In many cases, Shakespeare sounds uniquely modern. He is a contemporary in terms of his powers of anticipation of human dramas, political and existential. It is enough to recall for instance that Othello signified, among other things, a new kind of fear over success, in Italy and England, of some strikingly different individuals from remote countries and societies to realize how similar the worries and anxieties of Shakespeare’s epoch could have been to those of our time.

The fear of the Other capable of becoming one of us appears to have been with modernity from its inception, which powerfully reminds us of identity dramas in 19th century Europe. It paves the way for the bright individuals who treat their biographies like works of art inventing their personae and miraculously adapting to societies that had long been hostile to them. In Othello and Shylock, there is something that strikingly anticipates the emergence of such heroes of modernity as Benjamin Disraeli and Karl Marx, to remember Isaiah Berlin’s masterpiece essay on two modes of Jewish identity as best embodied by those two men.
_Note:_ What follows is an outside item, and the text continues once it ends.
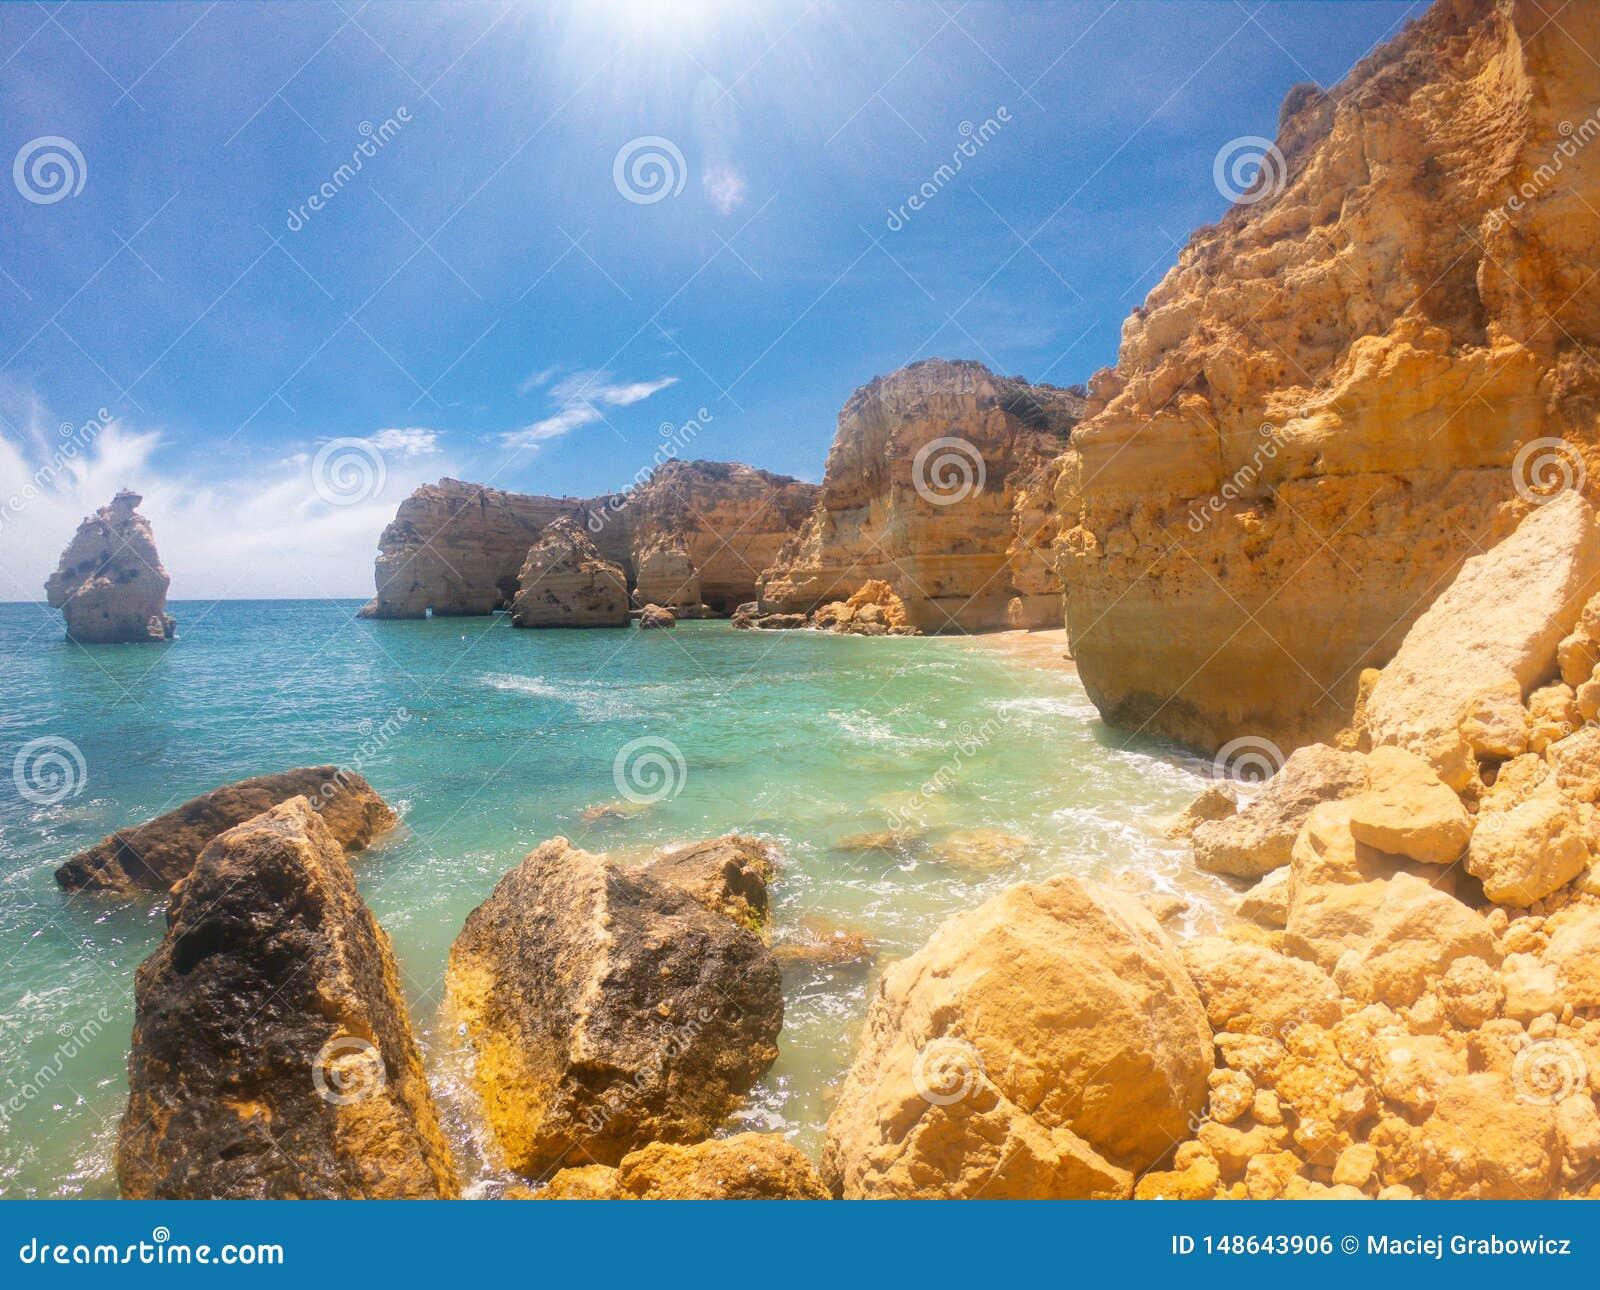 Praya de Marinha most beautiful beach in Algarve, Portugal. Cliffs on Coast of Atlantic ocean against blue sky
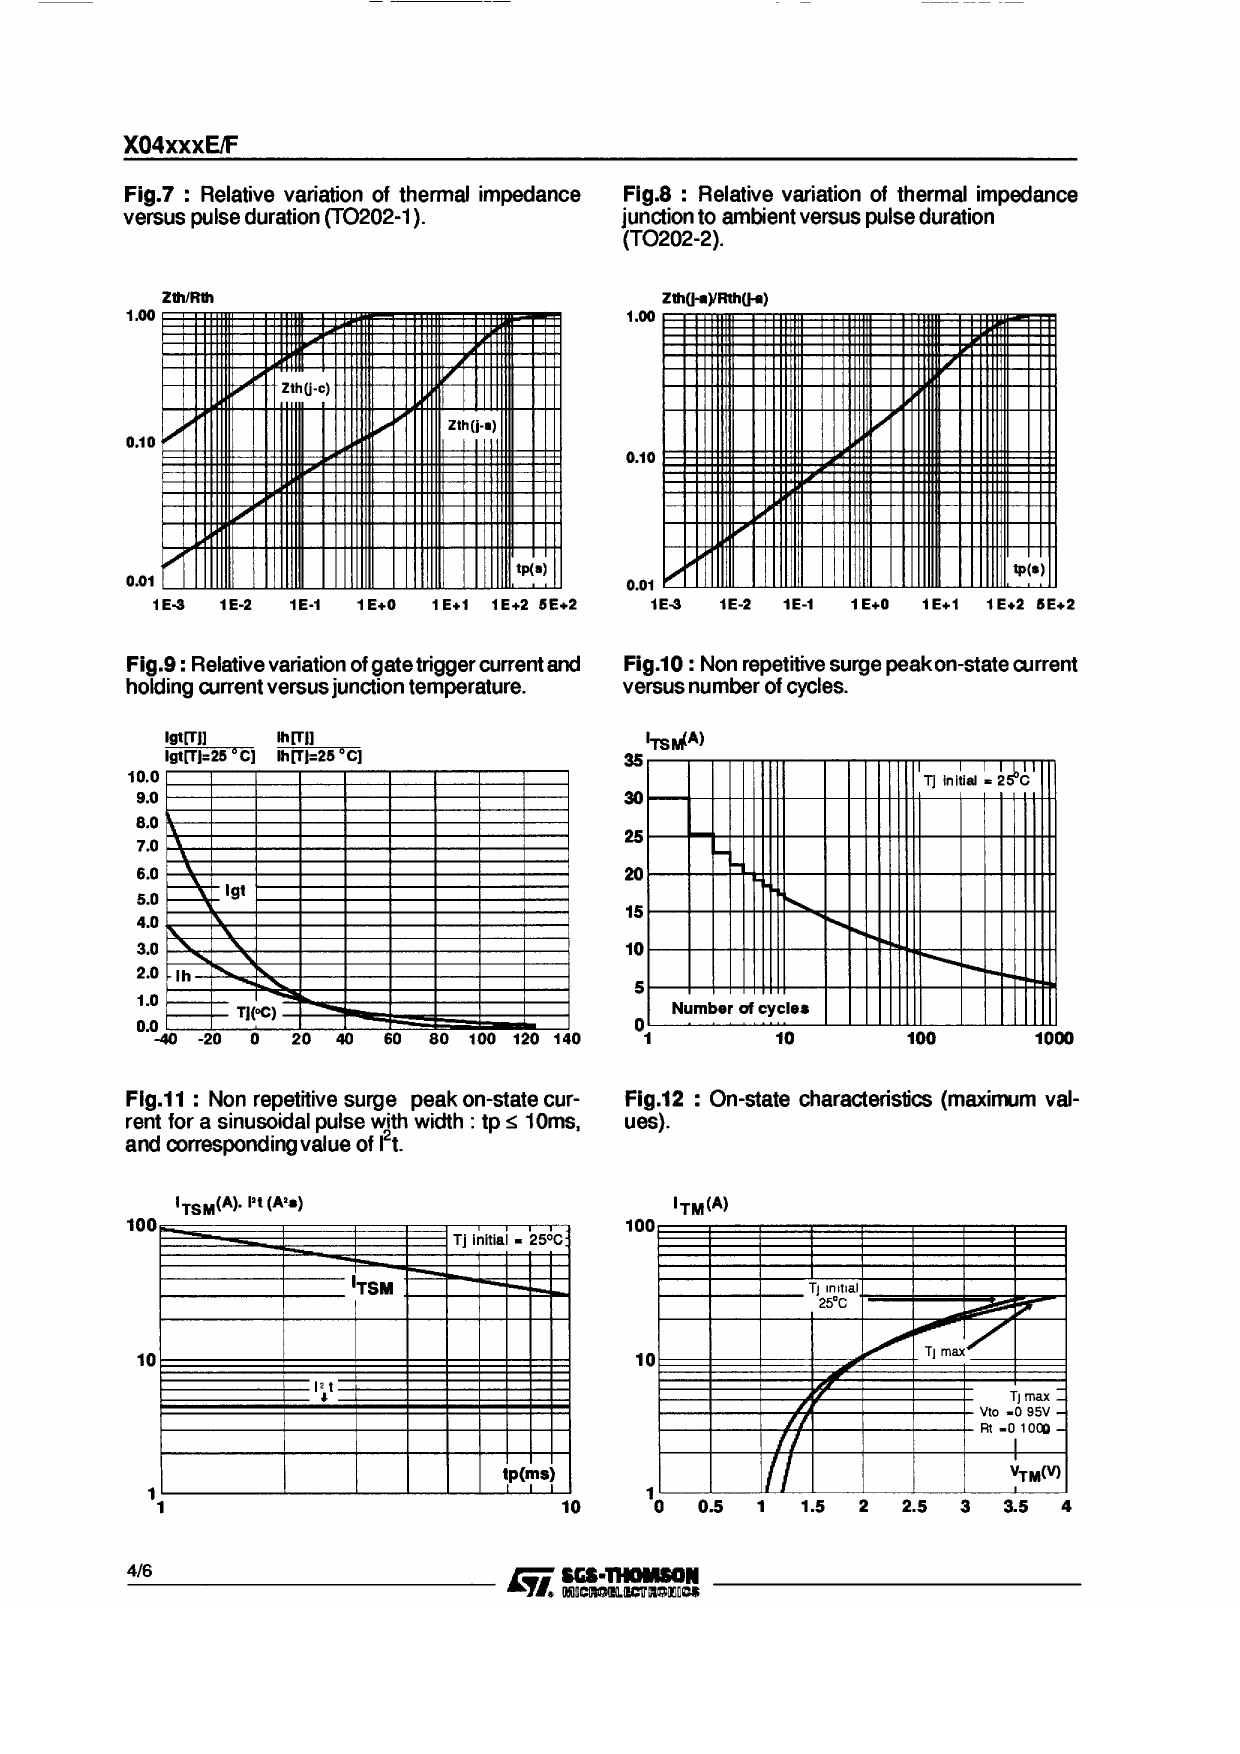 X0402BE pdf, 반도체, 판매, 대치품

Shakespeare understood better than any other poet and playwright that the choice between a friend and an institution (or established practice) can be as dramatic as that between a lover and a clan. Albert Camus once noted that he respects justice, yet would be willing to protect his mother from it. Did not Shakespeare come up with that same painful dilemma portraying Prince of Verona Escalus as bound to choose between his kinsman Mercutio’s friend Romeo, who avenges the death of his cousin, and the law and order of Verona?

Are we not in these shoes each time when forced to choose between an incompetent state with its flawed judicial system and a courageous and virtuous individual who breaks the law?